- **What you should do**: Begin at the line that has "Truhlica čalúnená V", stop after the line that has "Lot 339: English Miniature Mahogany Chest", and print exactly those lines from the records below, without any pictures.
======== Entries shown ========
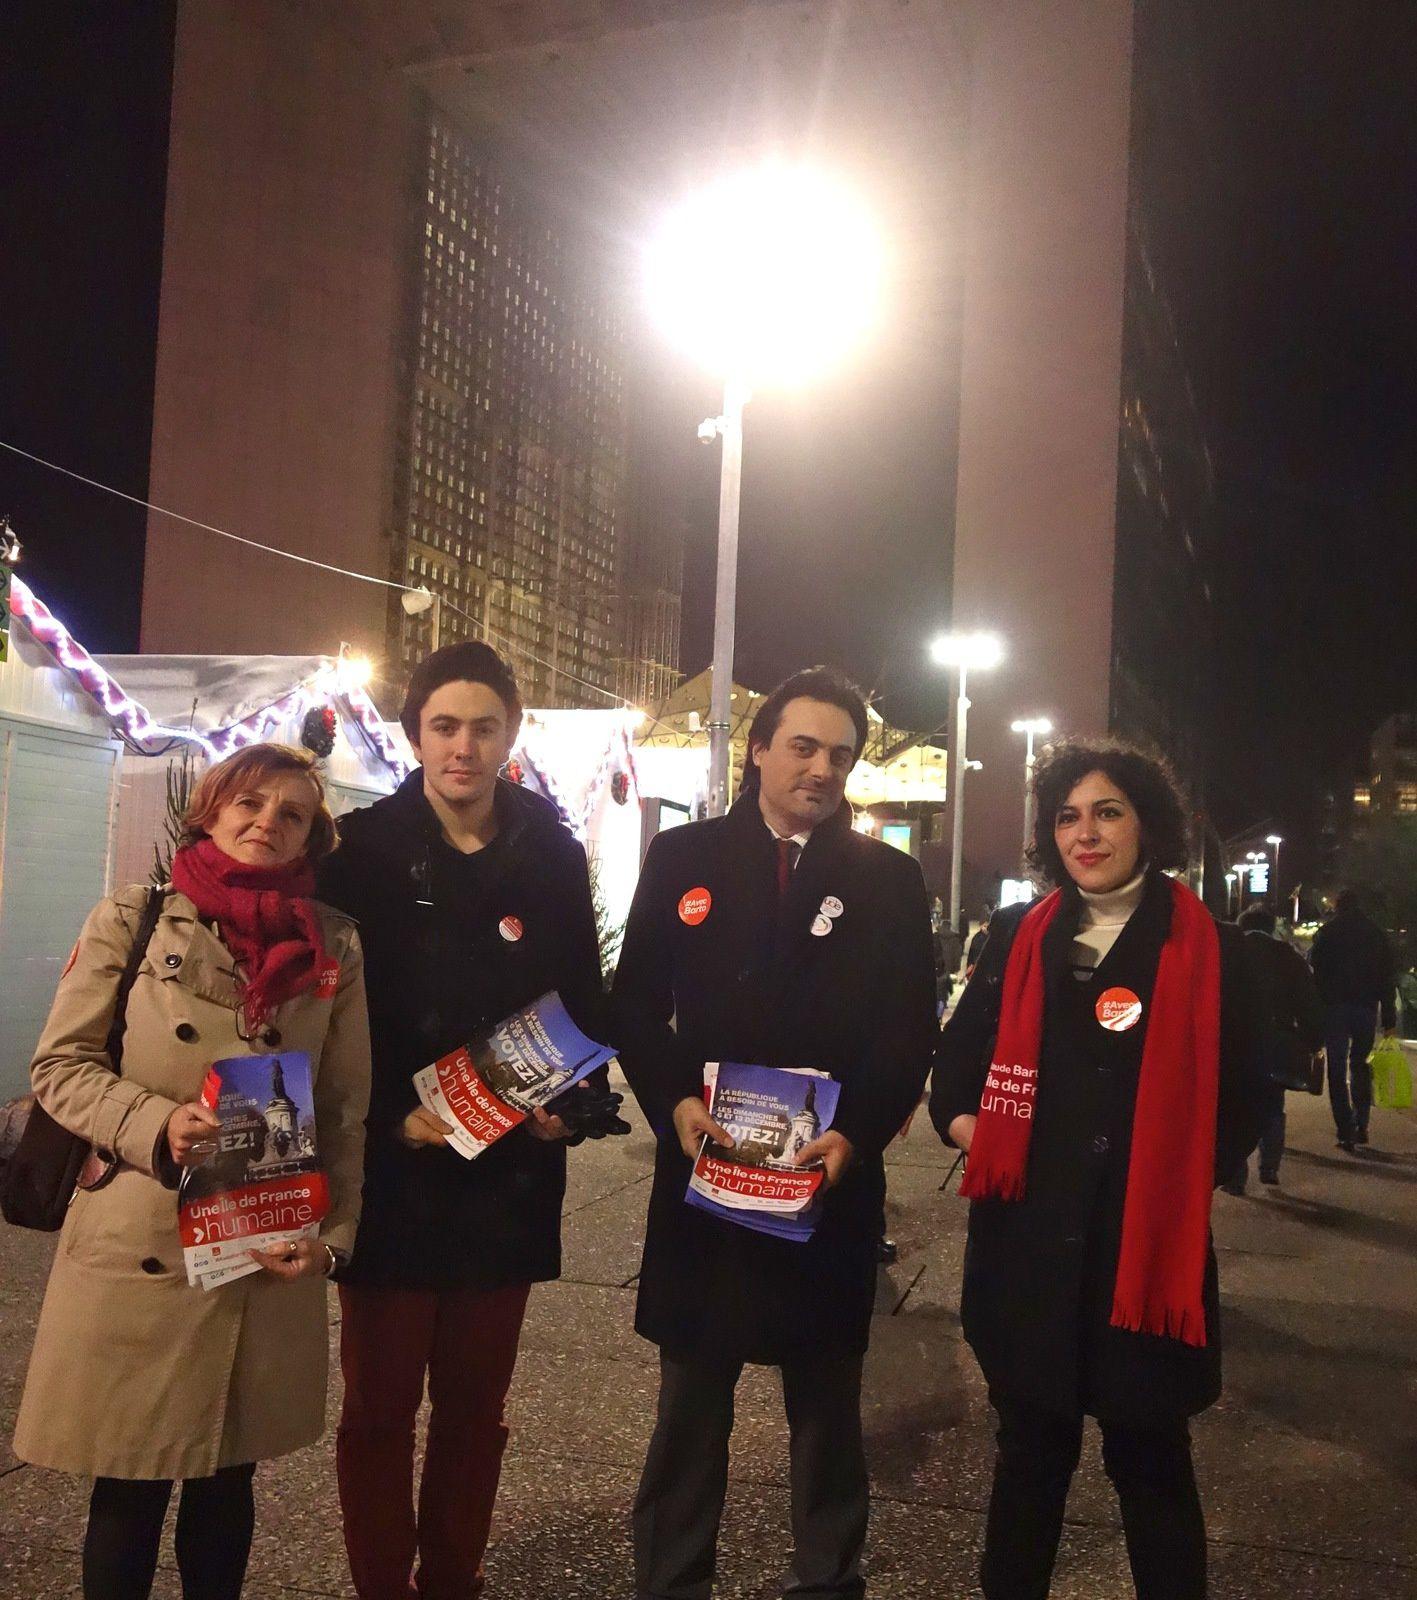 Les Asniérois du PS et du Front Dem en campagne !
========
======== Entries shown ========
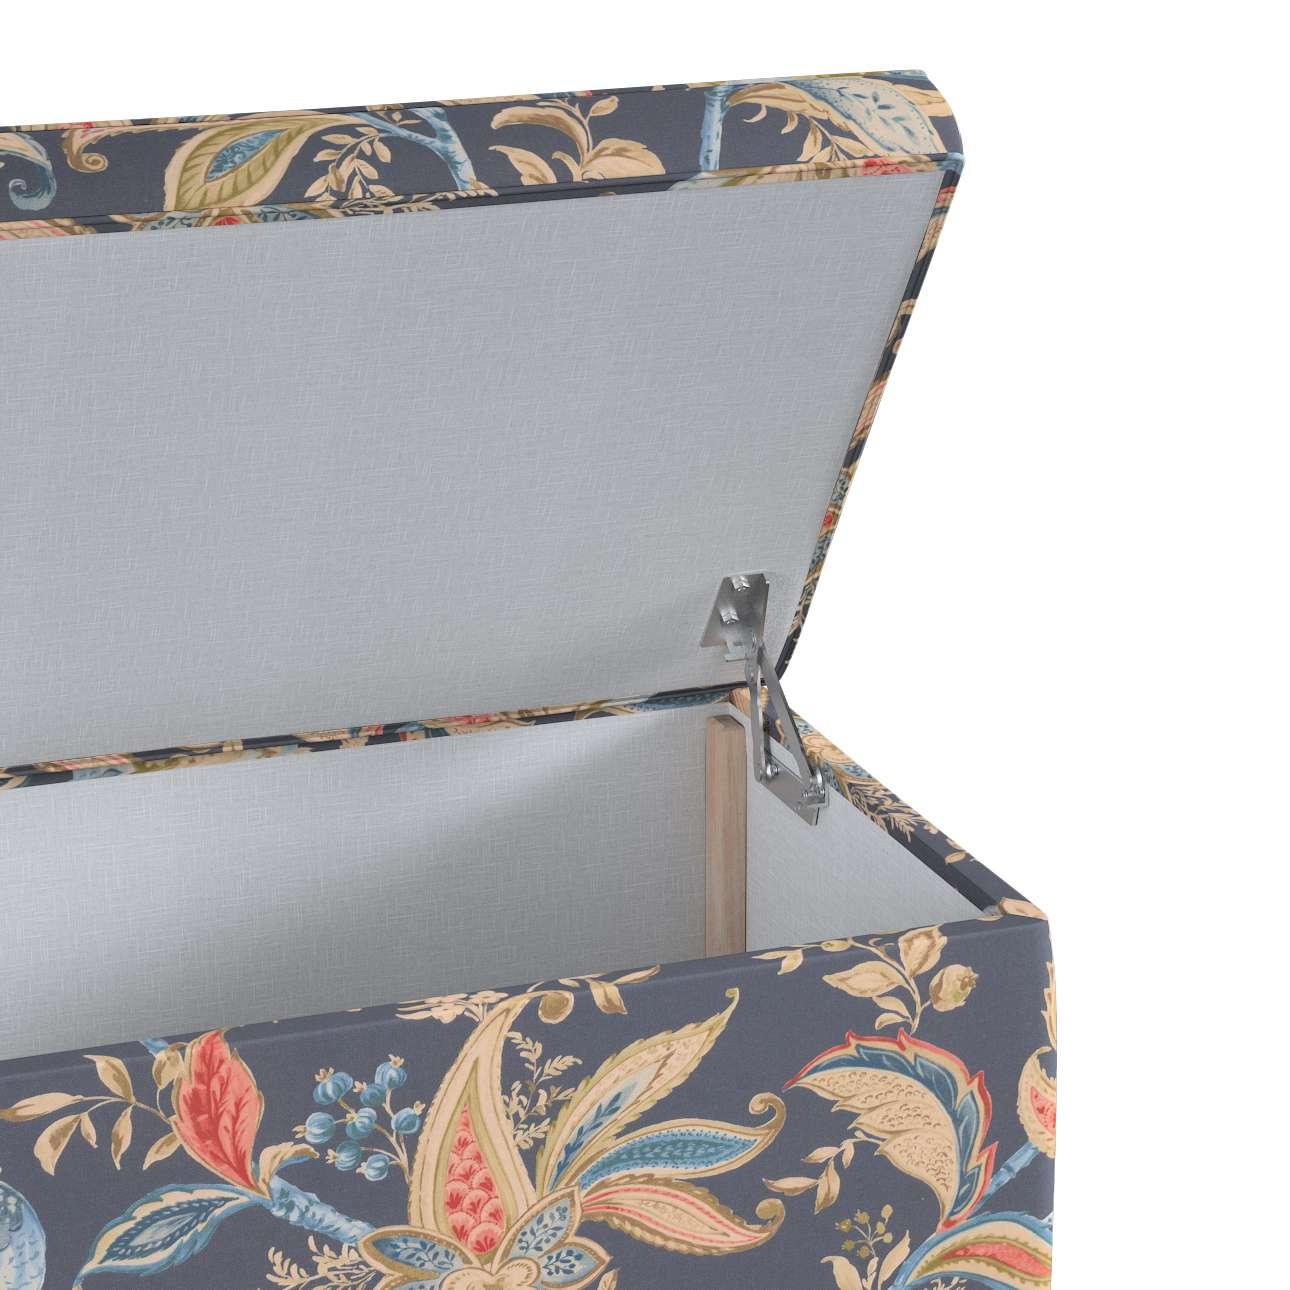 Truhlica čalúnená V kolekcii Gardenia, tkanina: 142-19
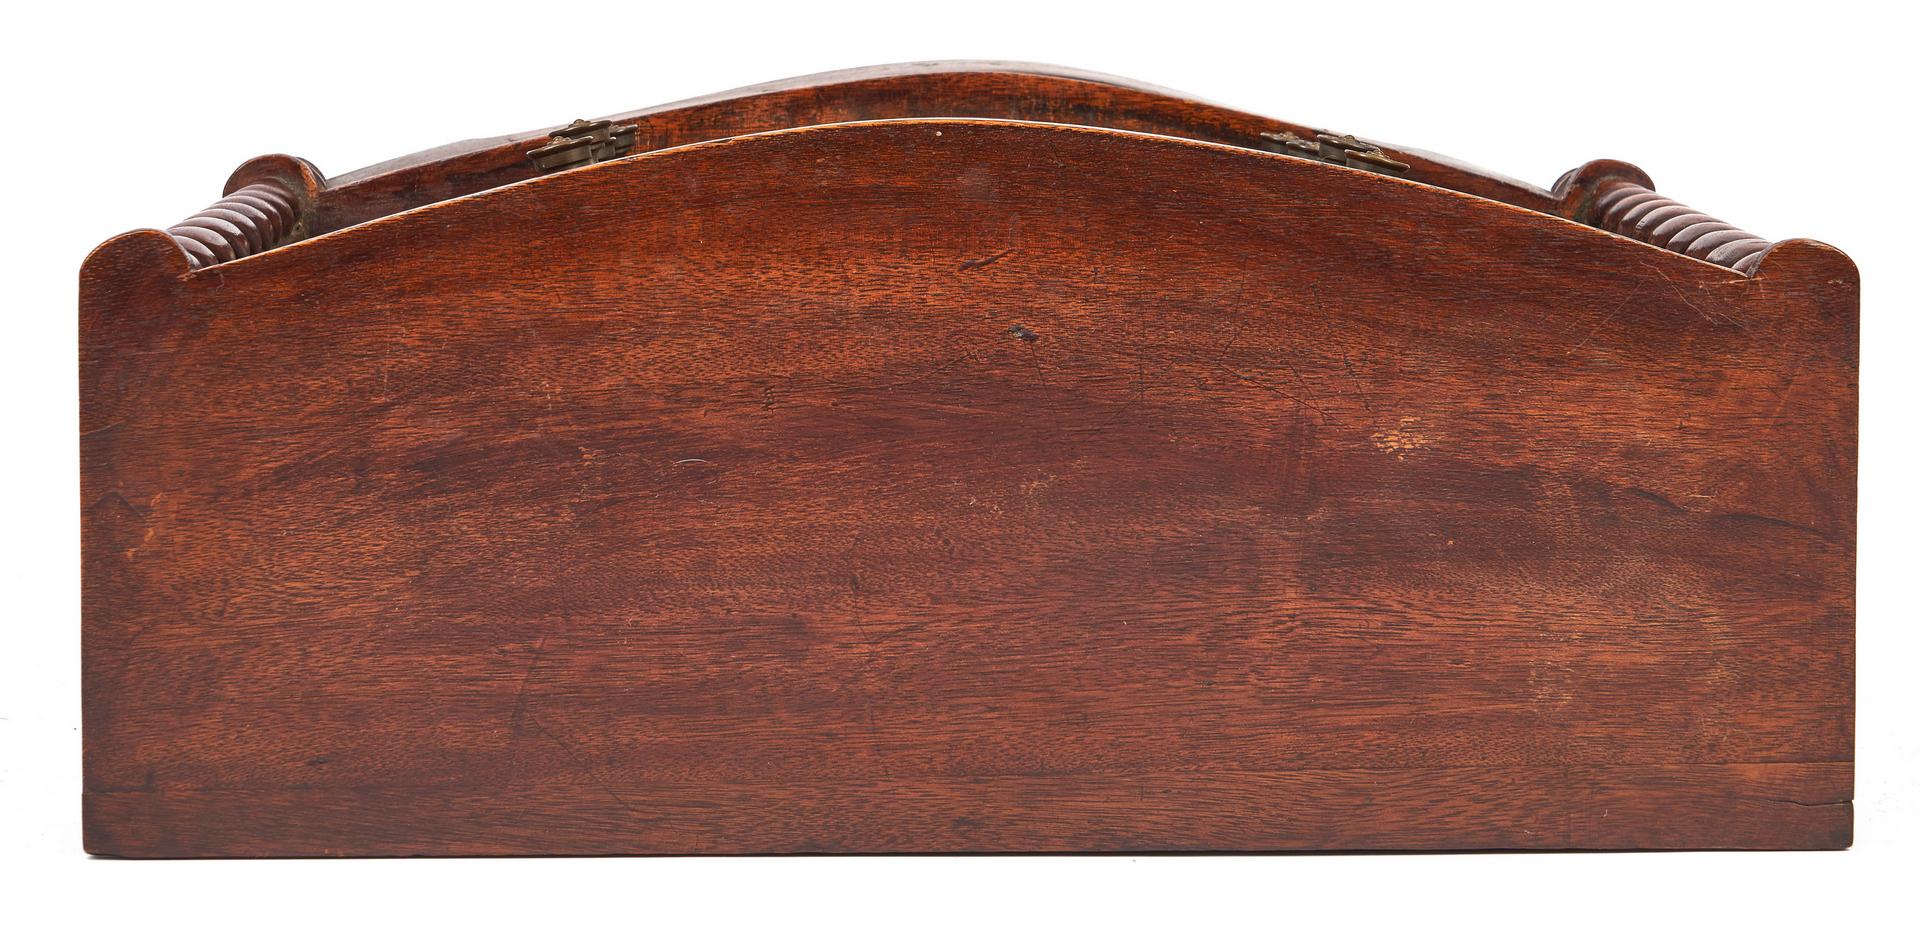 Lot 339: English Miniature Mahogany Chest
========
======== Entries shown ========
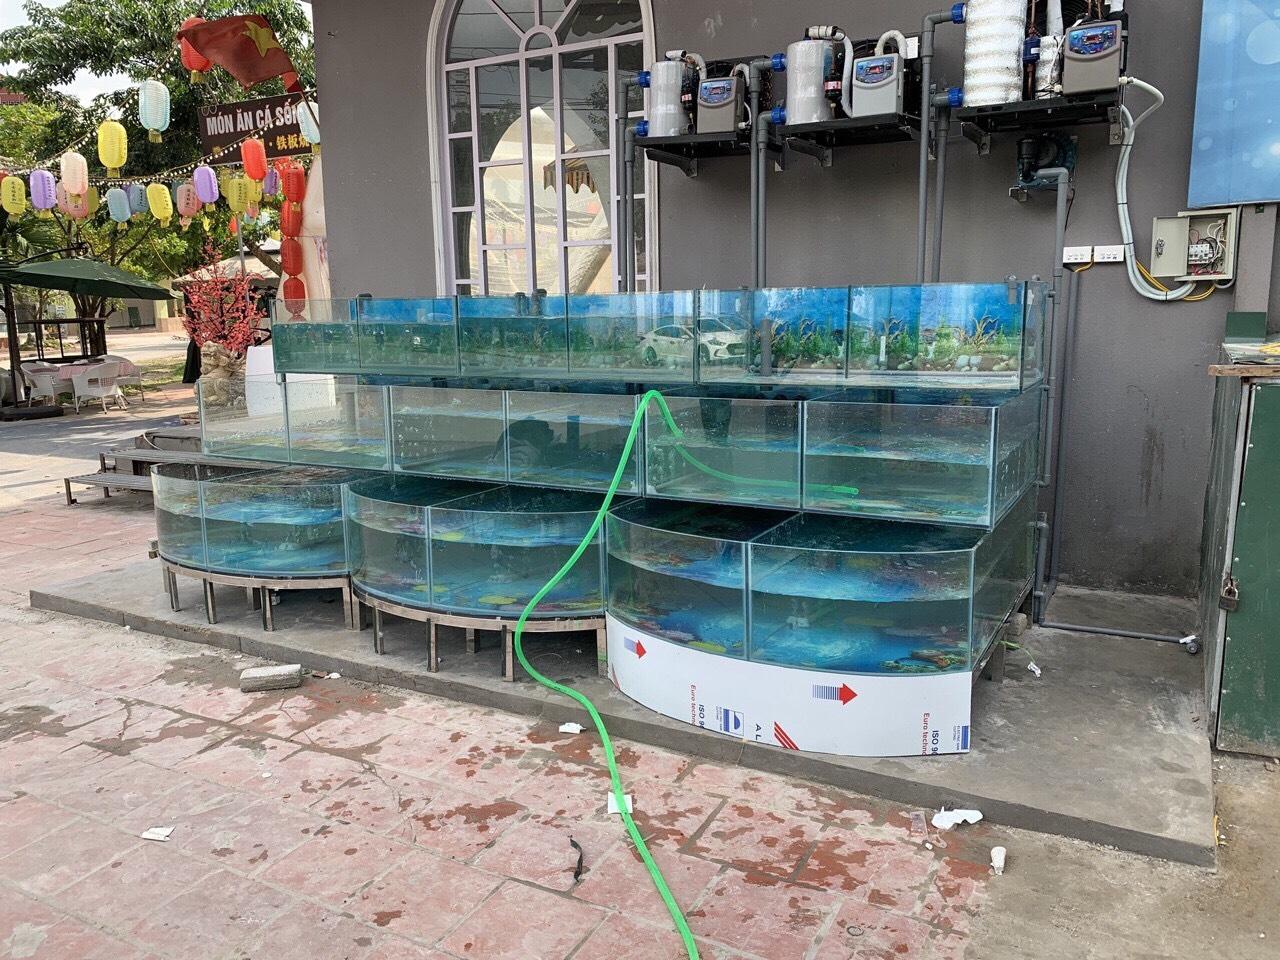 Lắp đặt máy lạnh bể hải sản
========
- **Task result**:
 Truhlica čalúnená V kolekcii Gardenia, tkanina: 142-19
 Lot 339: English Miniature Mahogany Chest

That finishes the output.